:: Exercise data

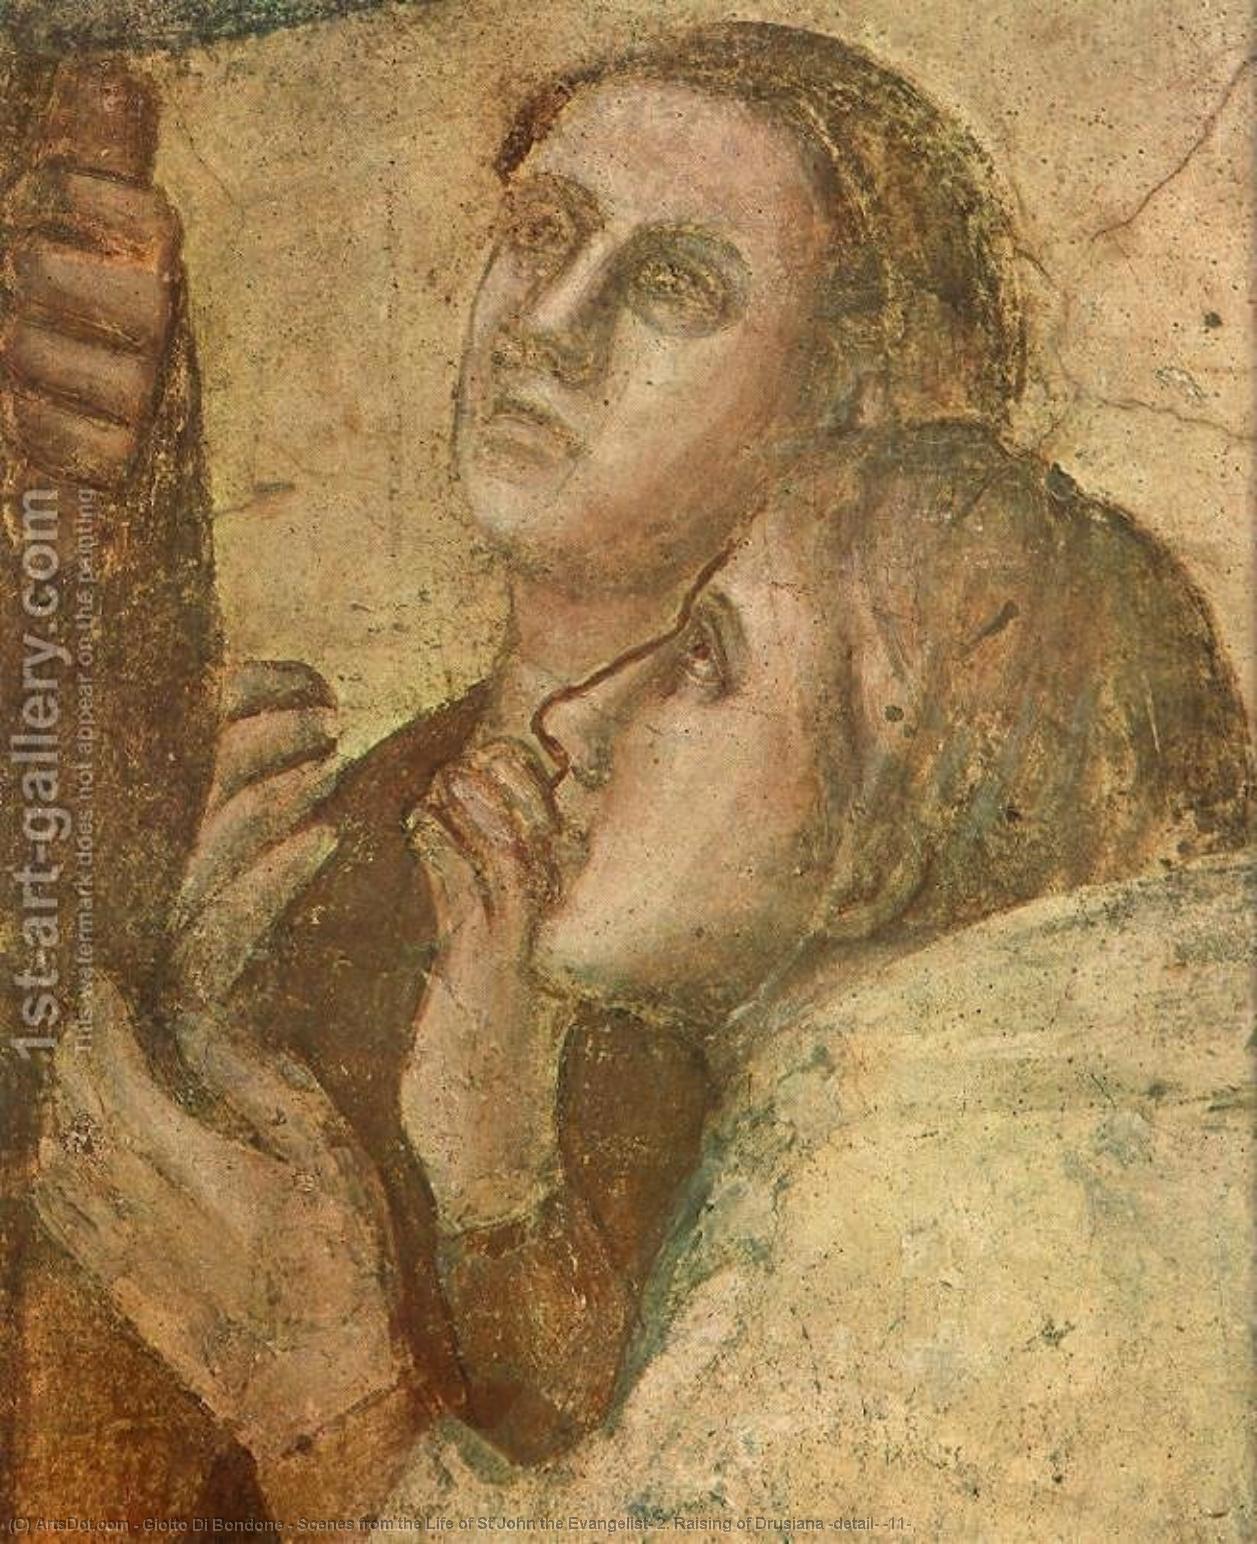 WikiOO.org - 백과 사전 - 회화, 삽화 Giotto Di Bondone - Scenes from the Life of St John the Evangelist: 2. Raising of Drusiana (detail) (11)
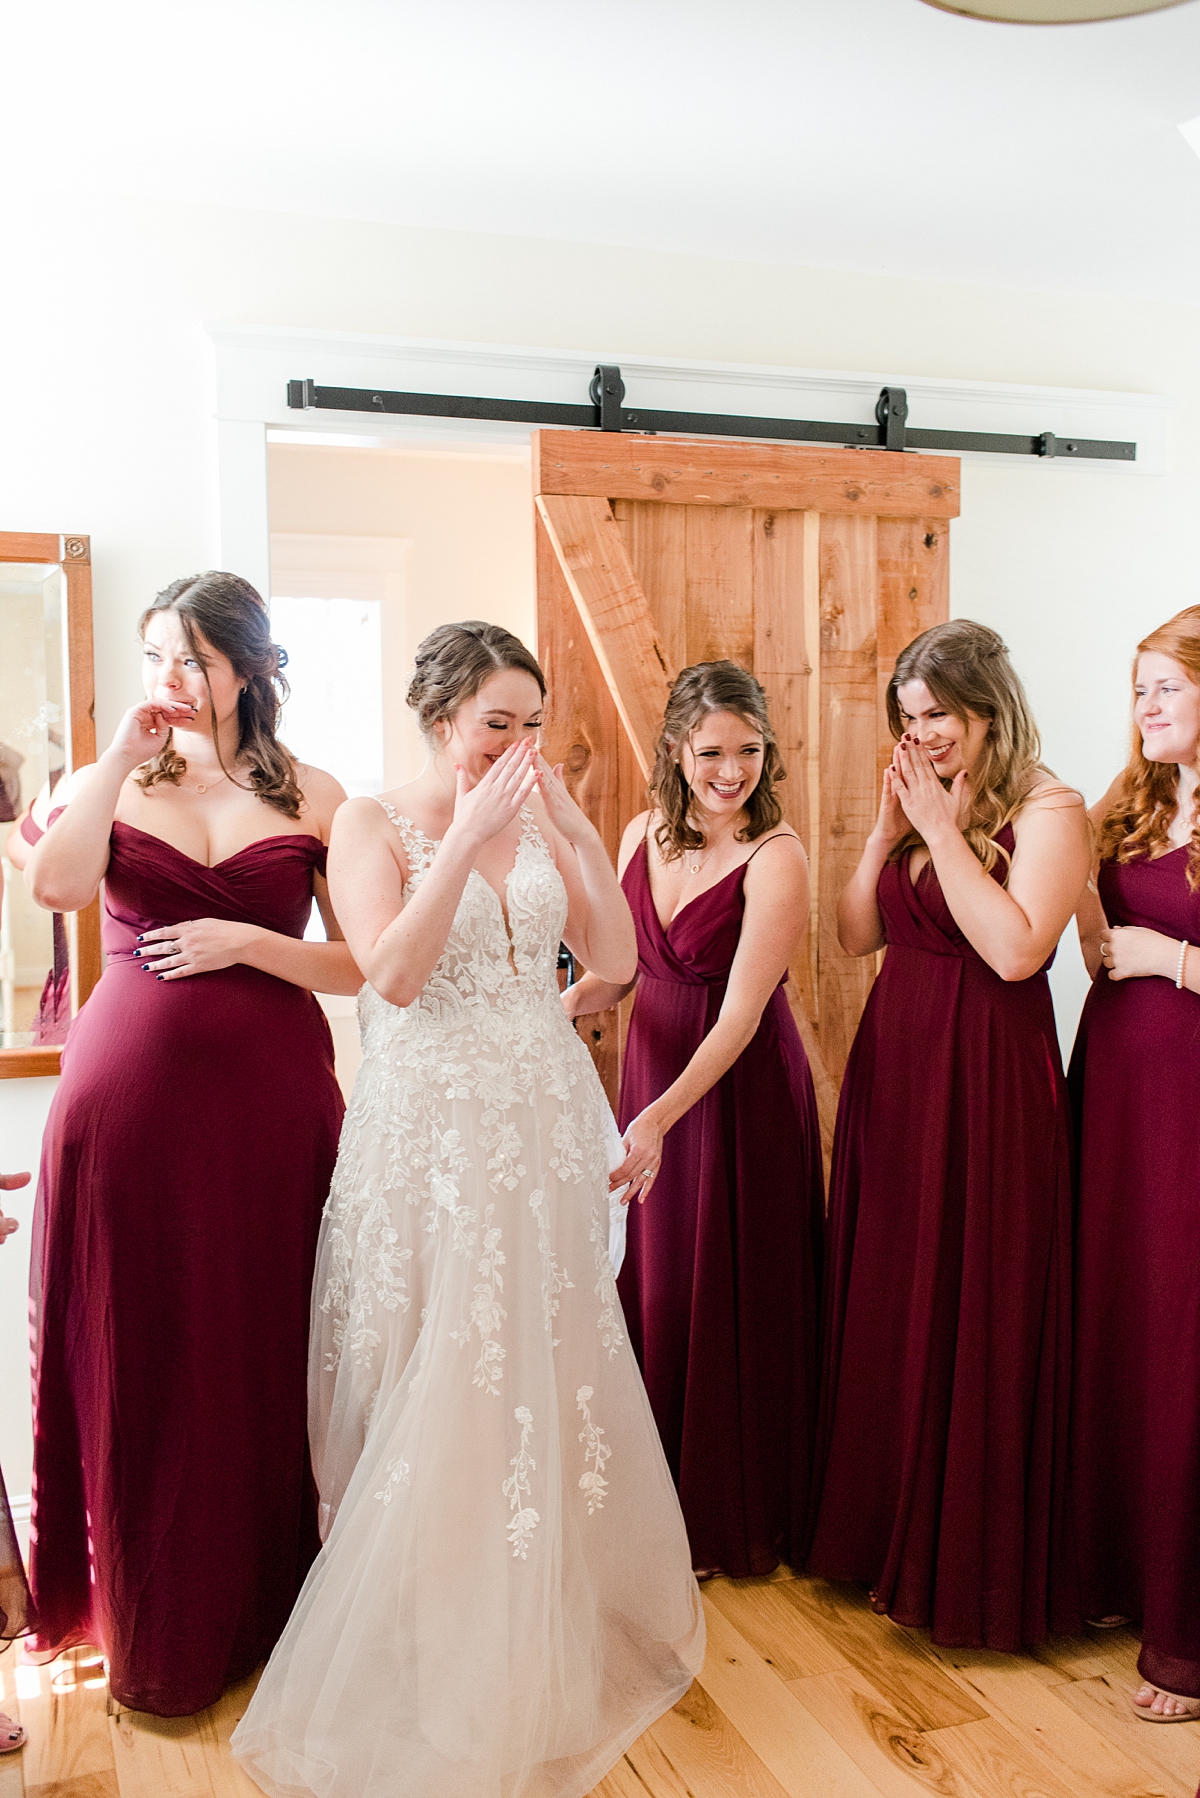 Bridesmaids Reacting to Bride Getting in the Dress at Burlington Fall Wedding. Richmond Wedding Photographer Kailey Brianne Photography. 
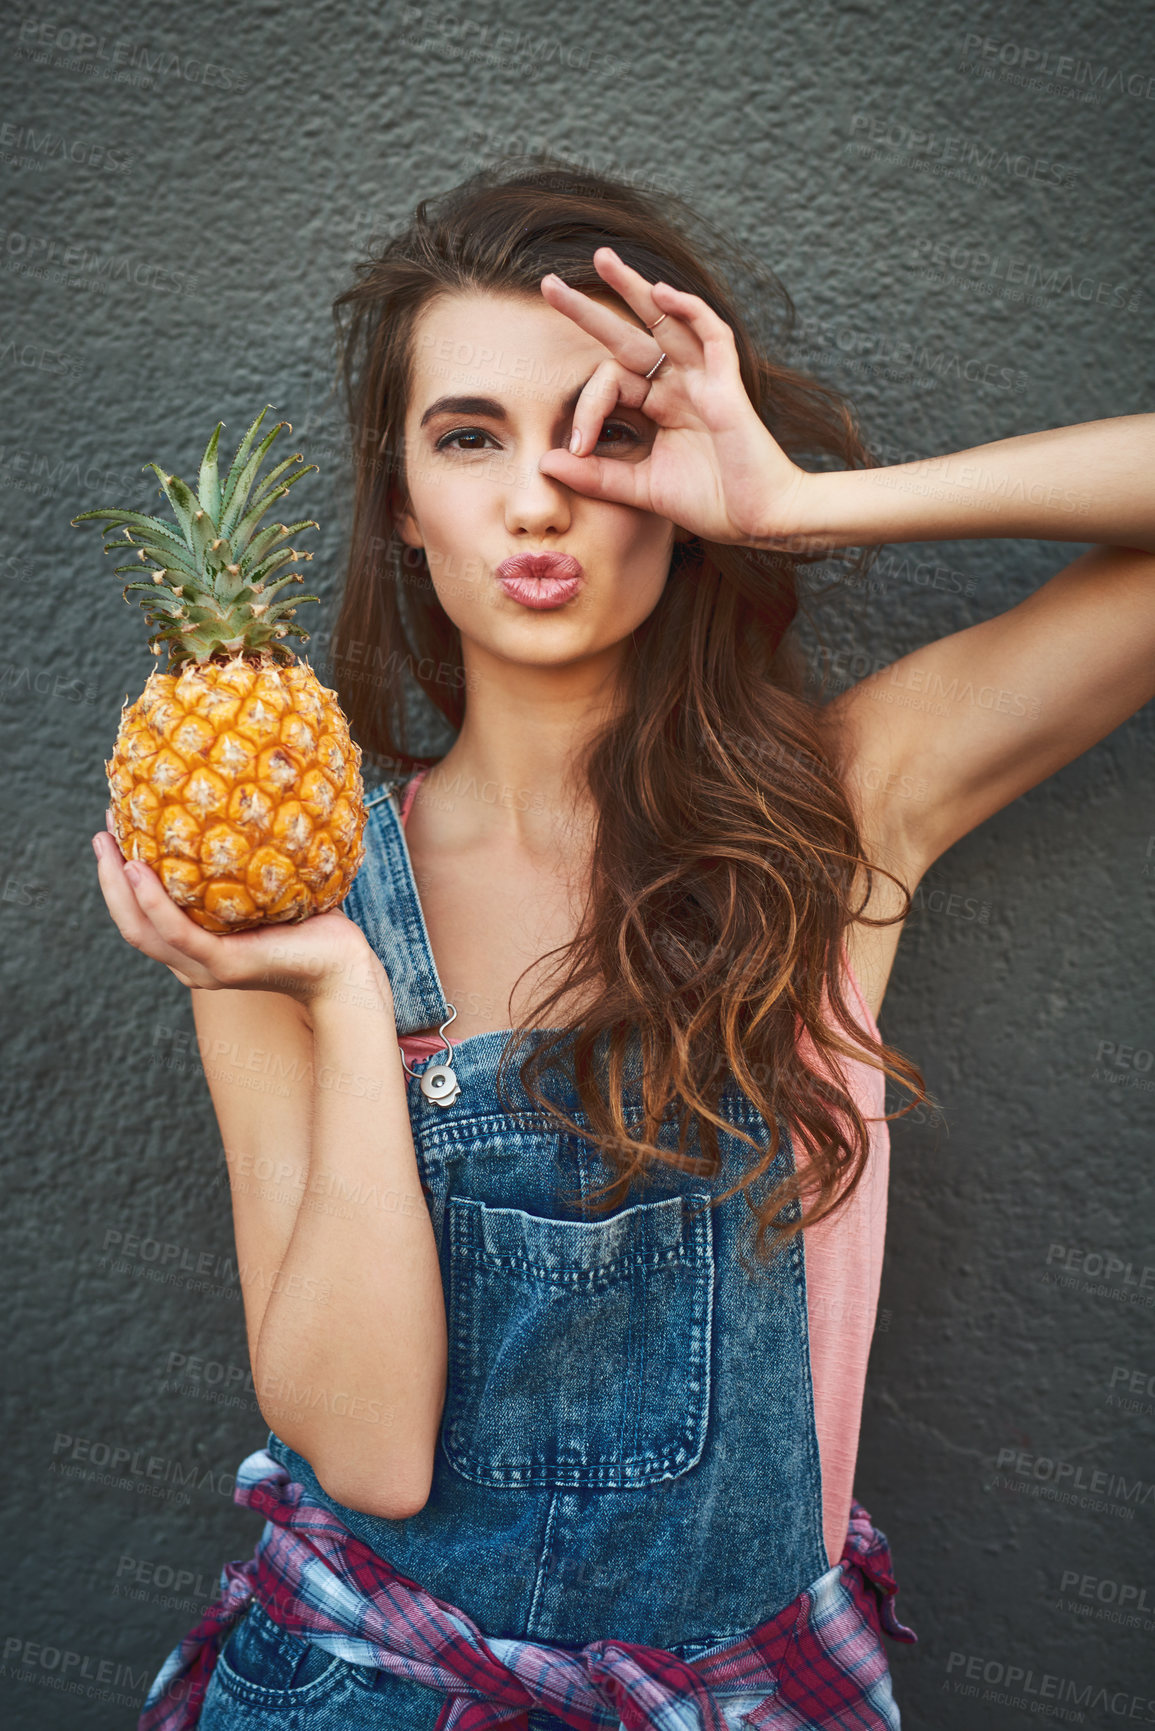 Buy stock photo Portrait of a carefree young woman showing a hand gesture on her face while holding a pineapple against a grey background

::::

* [Problem] Leave every picture out, and reproduce exactly the lines from the line bearing "Bridesmaids Reacting to" through the closing line of the material above.

* [Exercise result]
 Bridesmaids Reacting to Bride Getting in the Dress at Burlington Fall Wedding. Richmond Wedding Photographer Kailey Brianne Photography. 
 Buy stock photo Portrait of a carefree young woman showing a hand gesture on her face while holding a pineapple against a grey background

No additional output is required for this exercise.